Het strottenhoofd is een ingewikkelde structuur met drie functies. Het bevat een klep die de luchtweg beschermt tegen brokstukken, vooral bij het slikken (het strotklepje), het geeft structuur aan het verder zachte weefsel van de luchtweg, en het bevat het apparaat voor het vocaliseren. Onderstaand schema toont de plaats van het cricoïdkraakbeen onmiddellijk onder de stembanden en op aanraakafstand van het schildkraakbeen.
Binnen dit deel van de anatomie bevindt zich, net onder het kenmerk dat bekend staat als de adamsappel (schildkraakbeen), is het cricoïdkraakbeen meer dan een versterkende steun voor de luchtpijp. Het zit via synoviale gewrichten vast aan het schildklier- en het arytenoïdkraakbeen, en is zo sterk dat het een reeks ligamenten en spieren kan ondersteunen. De stemplooien zijn enkel bevestigd aan een klein stukje van het arytenoïd kraakbeen, dat op zijn beurt is bevestigd aan het cricoïd kraakbeen door middel van een kogelgewricht. Het schildkraakbeen zit ook vast aan het cricoïdkraakbeen.
Het cricoïdkraakbeen vormt een aanhechtingspunt voor drie spieren: de laterale cricoarytenoïdspier, de posterieure cricoarytenoïdspier en de cricothyroïdspier.

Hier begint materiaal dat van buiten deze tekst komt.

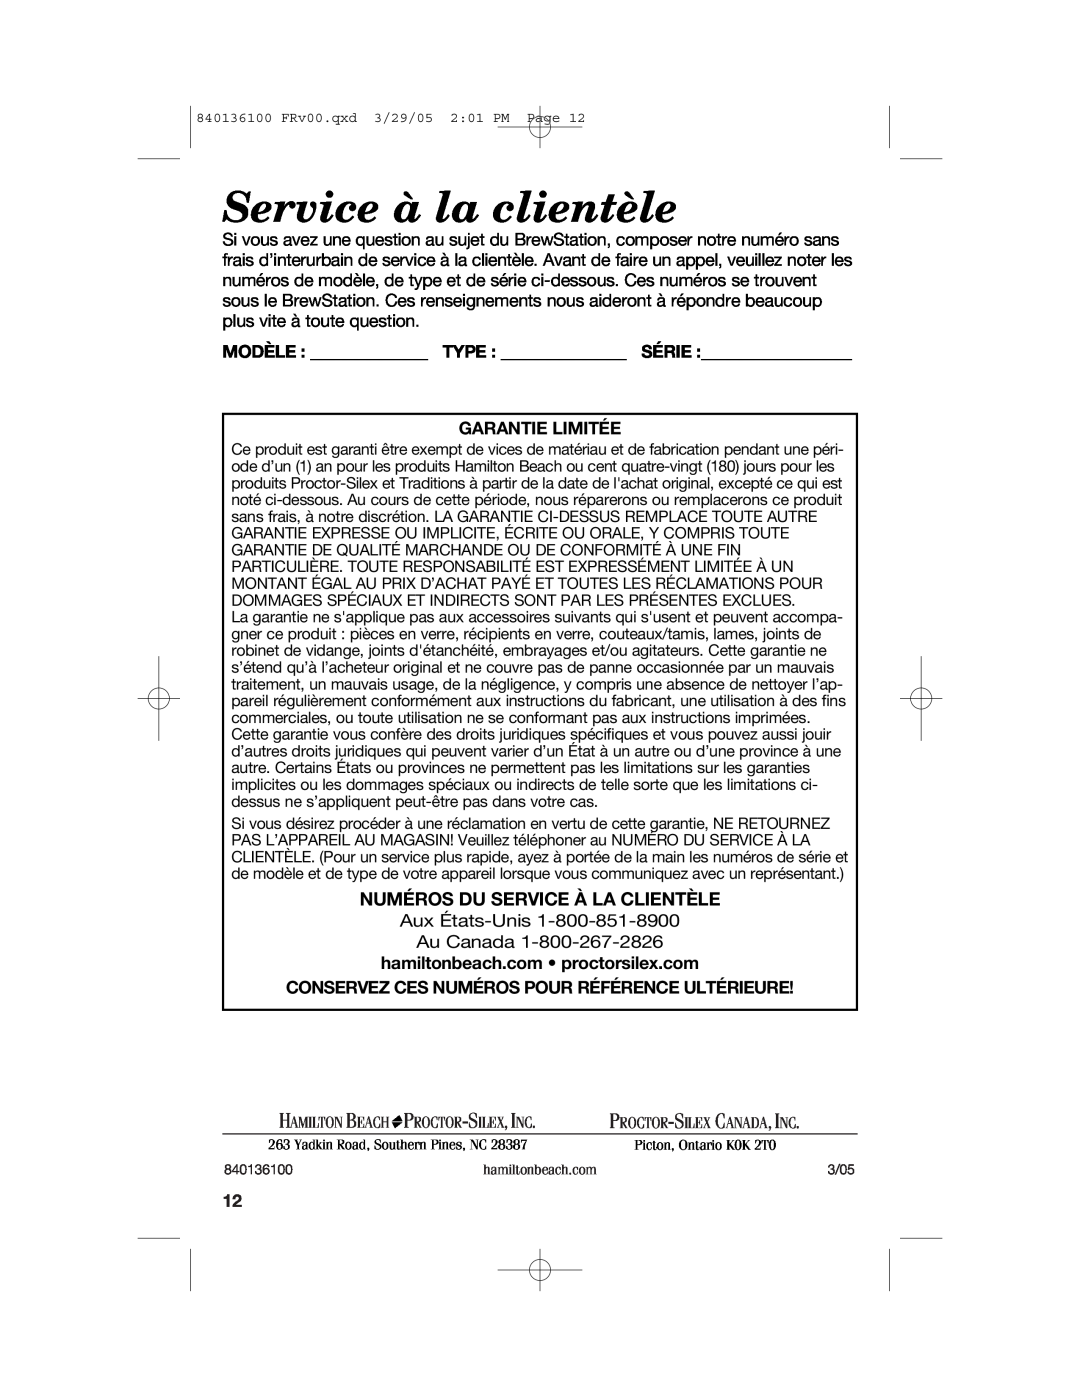 Hamilton Beach 840136100 Service à la clientèle, Numéros Du Service À La Clientèle, Modèle Type Série Garantie Limitée 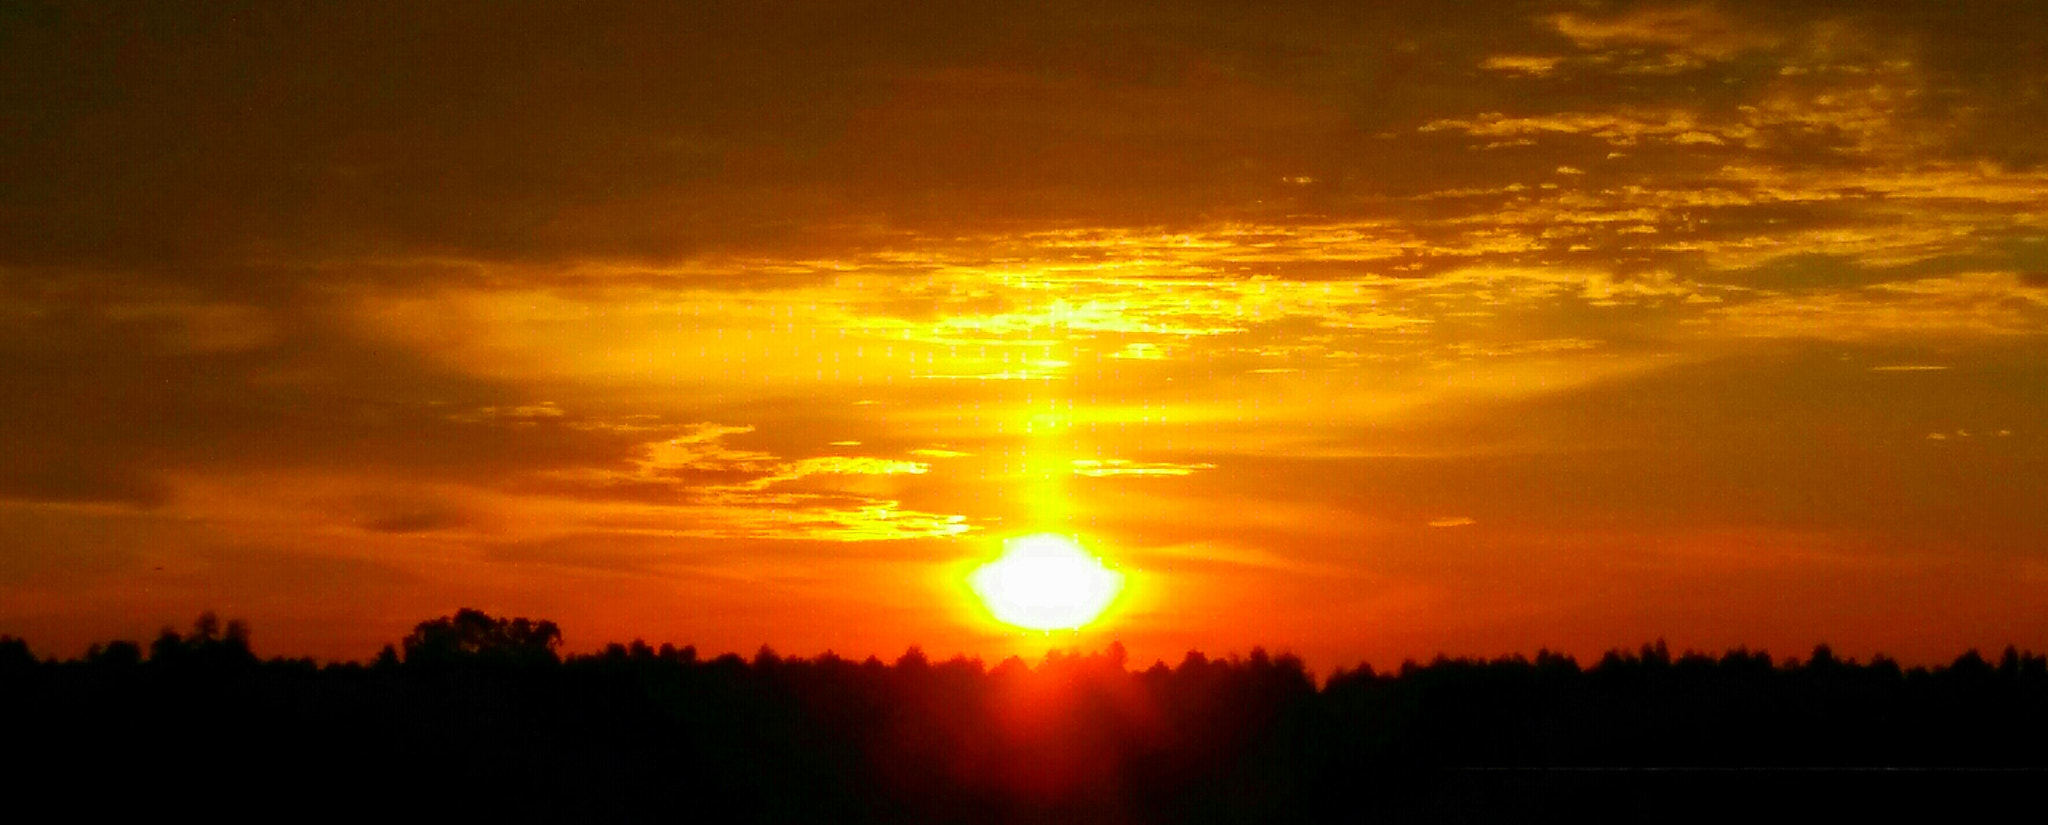 OnePlus ONE E1003 sample photo. Sunrise photography

Al deze spieren spelen een rol bij het openen, sluiten en strekken van de stembanden, en zijn essentieel voor de toonhoogte en kwaliteit van de stem.
In totaal zijn er negen kraakbenen te vinden in het strottenhoofd. Deze zijn ofwel enkelvoudig (cricoid, schildklier, epiglottis) of in paren (arytenoids, comiculates, cuneiforms) en worden, samen met het tongbeen, beschreven als het “viscerale skelet” van dit deel van de hals.
Functie van het cricoïdkraakbeen
De functie van het cricoïdkraakbeen is het bieden van aanhechtingen voor de spieren, kraakbenen en ligamenten van de cricothyroïd, het achterste cricoarytenoïd en het laterale cricoarytenoïd, die betrokken zijn bij de toonhoogte en de kwaliteit van de stem.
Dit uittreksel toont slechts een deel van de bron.